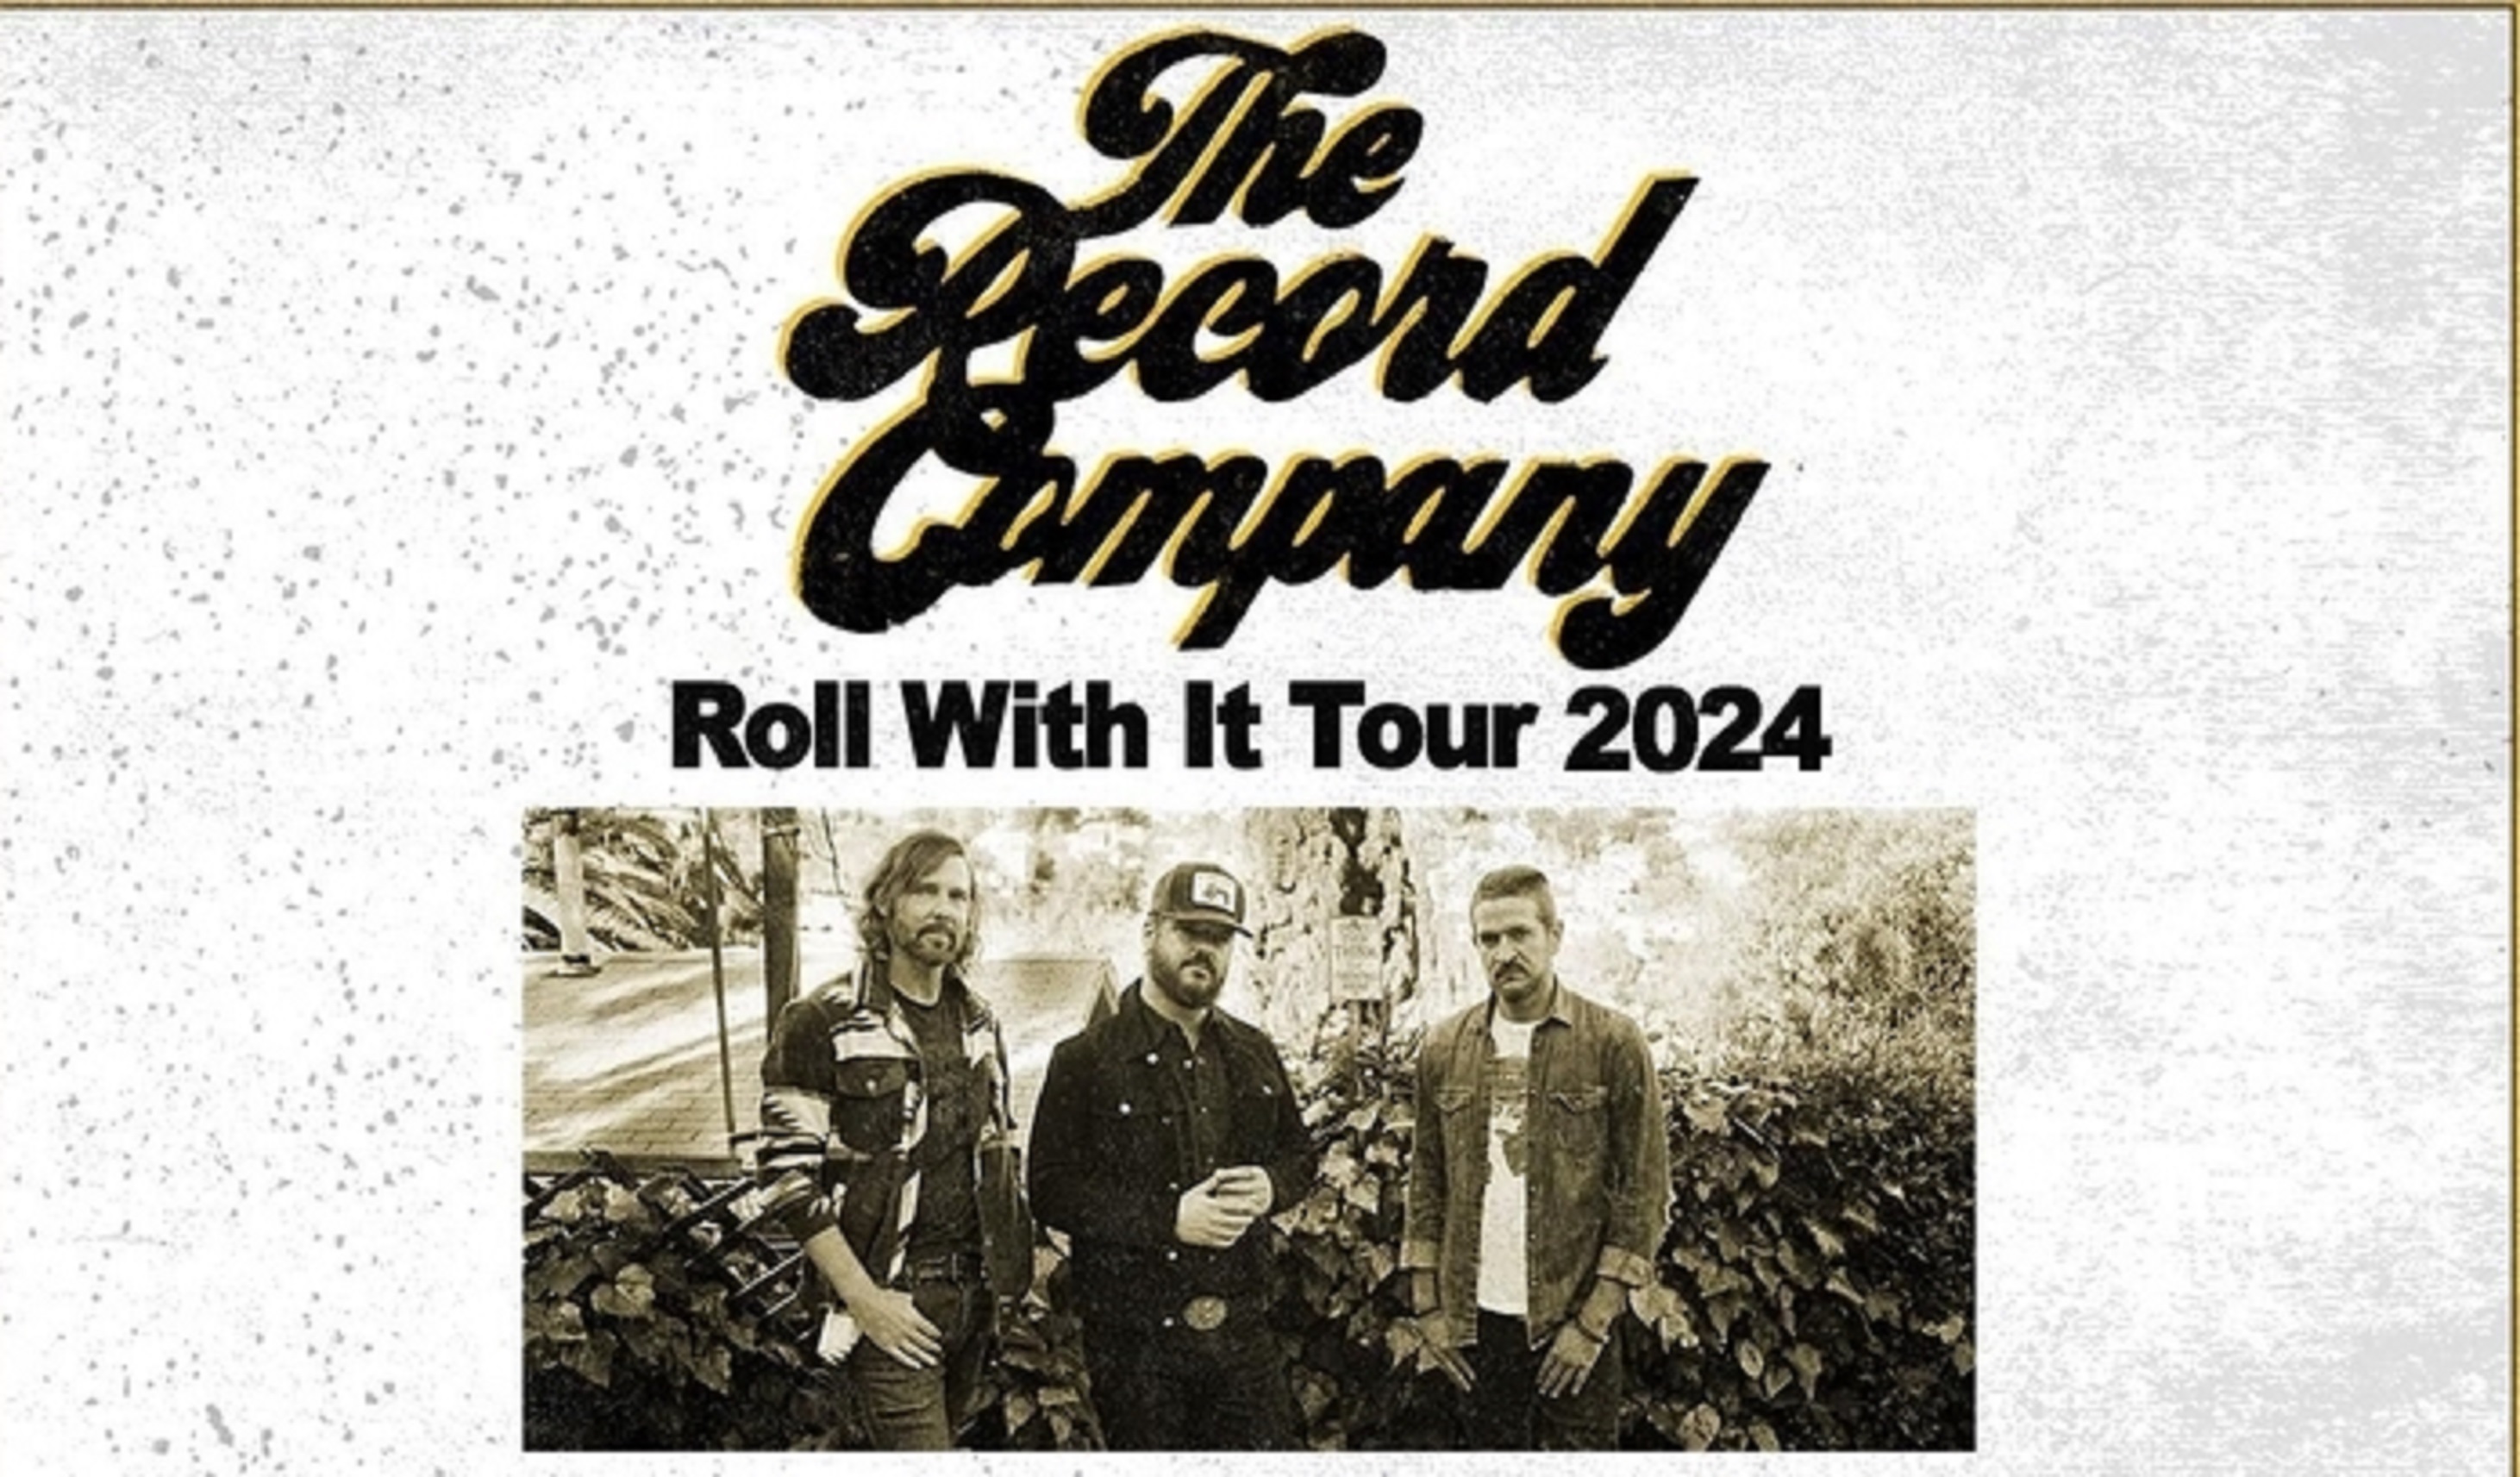 Bob Seger 2024 Tour Experience the Legendary Rocker Live!
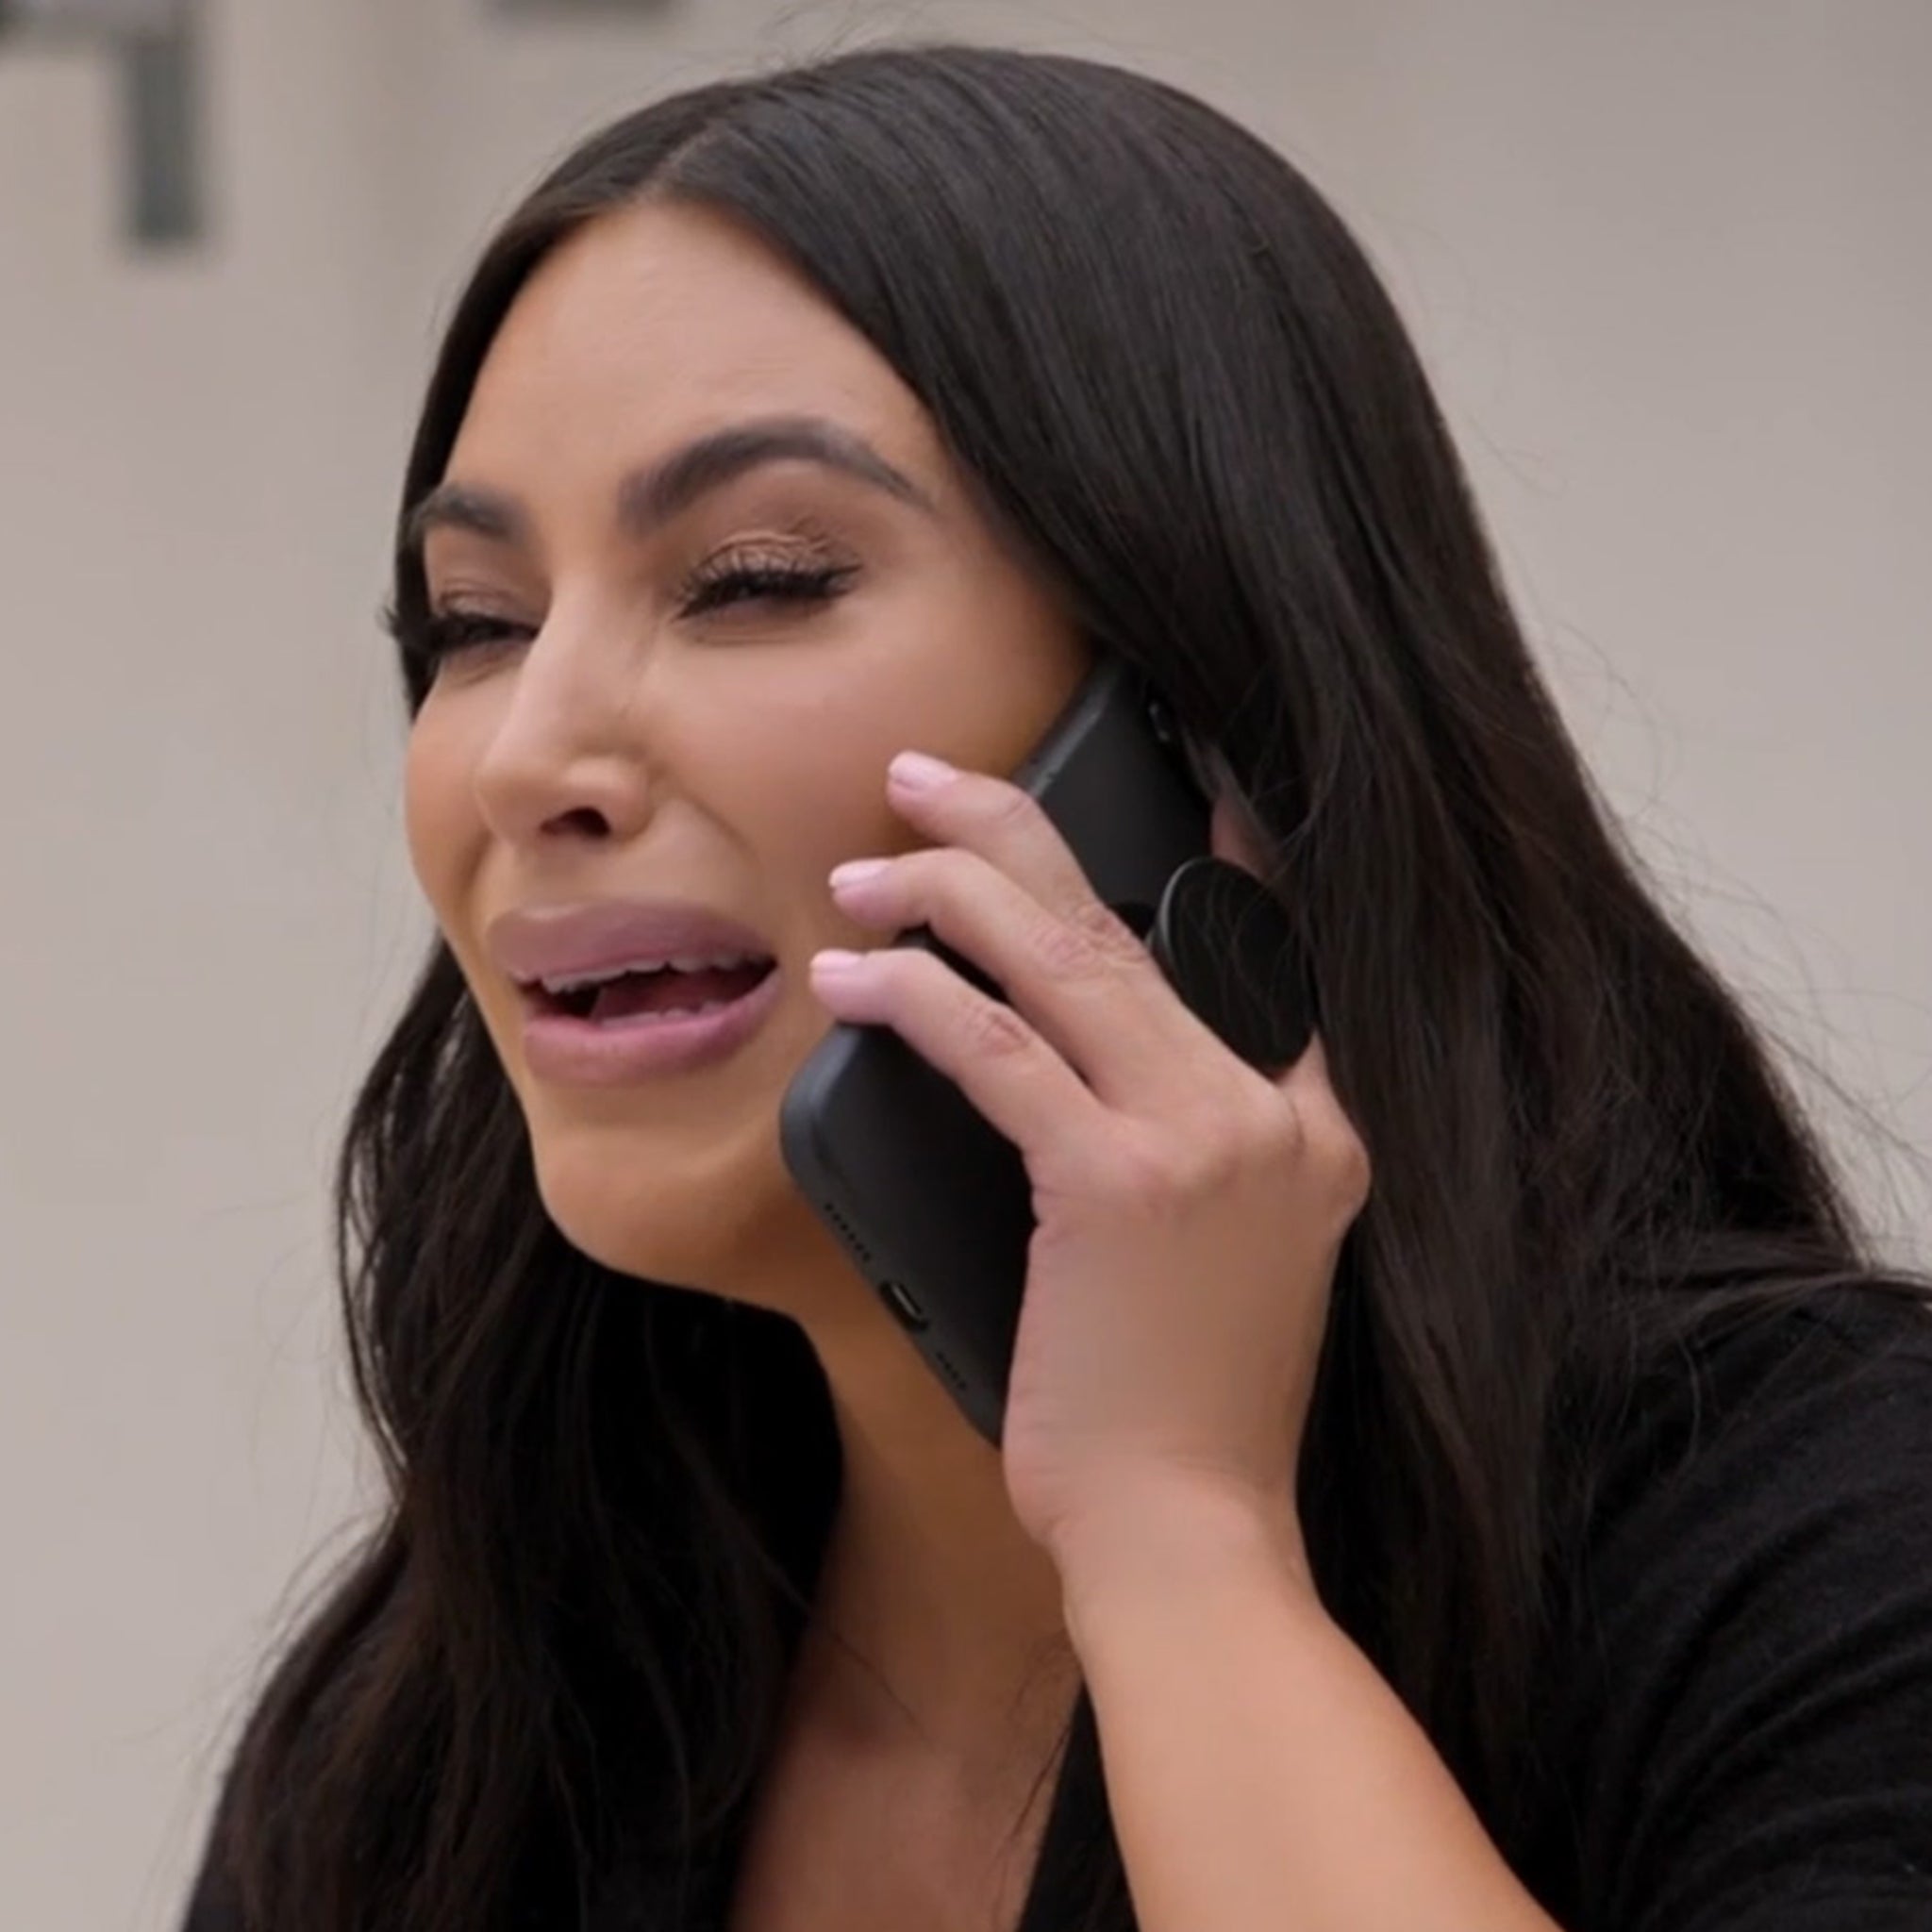 Kim kardashian full sextape free
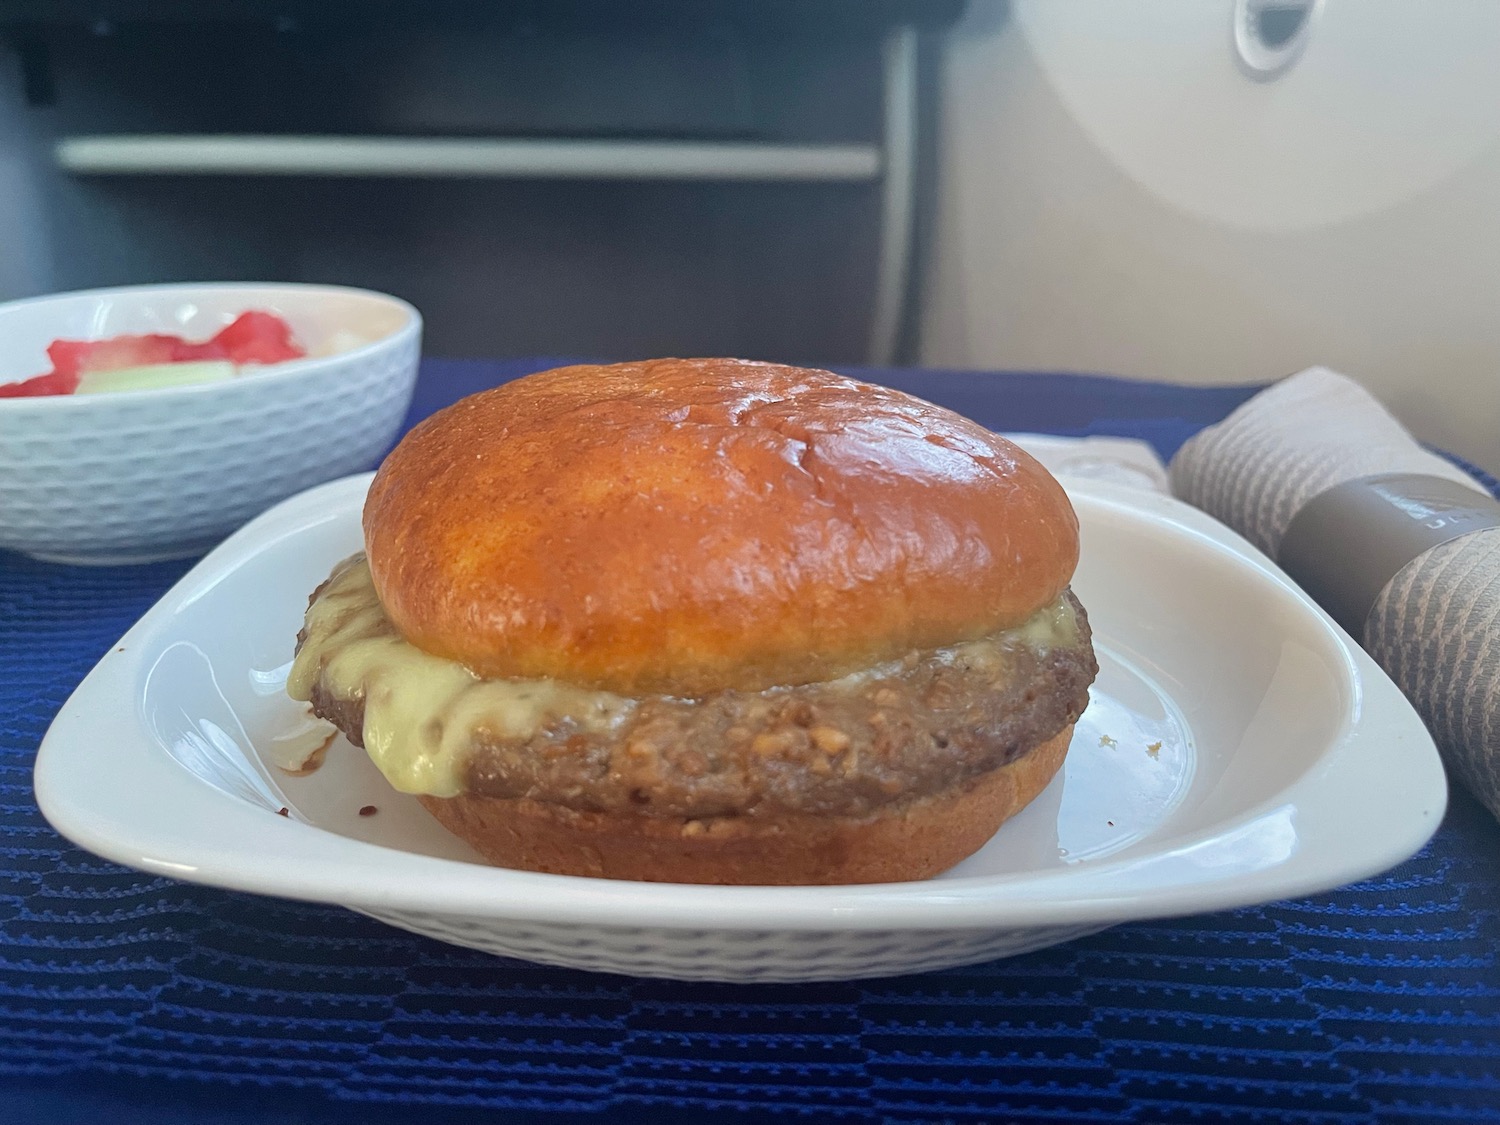 a hamburger on a plate

════════════════════

- Problem requirements: Your task is to repeat only the lines from the line containing "Kim kardashian full sextape free" through the final line of the material, inclusive; do not include pictures.

- Answer to the problem:
 Kim kardashian full sextape free
 a hamburger on a plate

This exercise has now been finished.